The advantages of this method still need to be weighed against the generation of datasets, which even when the problem has been simplified by considering just one criteria at a time, requires computation time, see [6] for discussion. A comparison of the quality of SOLVE solutions should also be made with state-of-the-art optimizers.

5 Conclusions

Nature achieved evolution of evolvability in its genetic representations through a computationally expensive process that is infeasible for us to duplicate. Here we have demonstrated a viable alternative: SOLVE, which uses generative machine learning to learn better representations for search. Using this method, not only can we bias the representation so that it focusses mainly on desirable regions of the space according to extra criteria or constraints, but the nature of the Kullback-Leibler (KL) divergence used for regularization within the VAE provides a natural “smoothing” effect on the resulting latent space akin to the notion of evolvability, which can change a discontinuous space into a continuous space enabling highly effective search by the optimizer. We have demonstrated that with zero dimensionality reduction (i.e., using the same number of latent variables as problem variables), SOLVE can map different forms of hard-to-search spaces onto improved latent spaces.

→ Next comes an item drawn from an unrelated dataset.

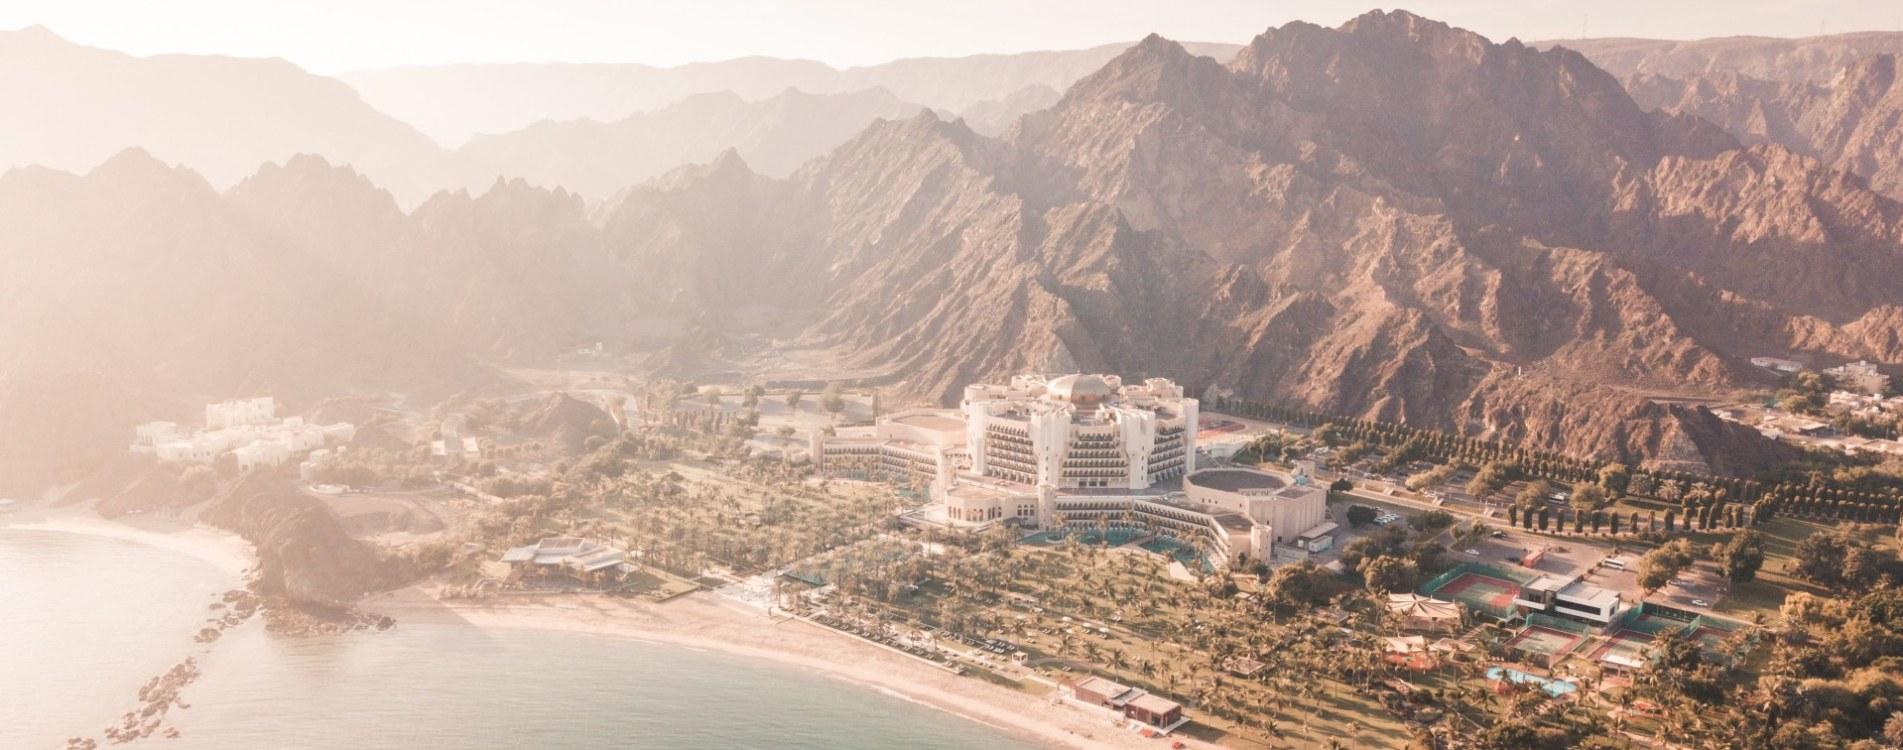 Al-Bustan-Palace-Muskat-Al-Bustan-Palace-Panorama-Luftbildaufnahme-Oman.jpg

These spaces enable even a simple optimizer to achieve substantive performance increases in terms of quality of solution found and effort required to find that solution, as evidenced by the small population sizes and low number of generations required for the GA within SOLVE.

This work used a GA for data generation and optimization and a VAE for representation learning, but other equivalent approaches could be employed within SOLVE. The field of generative machine learning continues to advance at a great pace, so we anticipate that the integration of these newer techniques into optimization for the purposes of generating improved search spaces will be a fruitful area of research going forwards.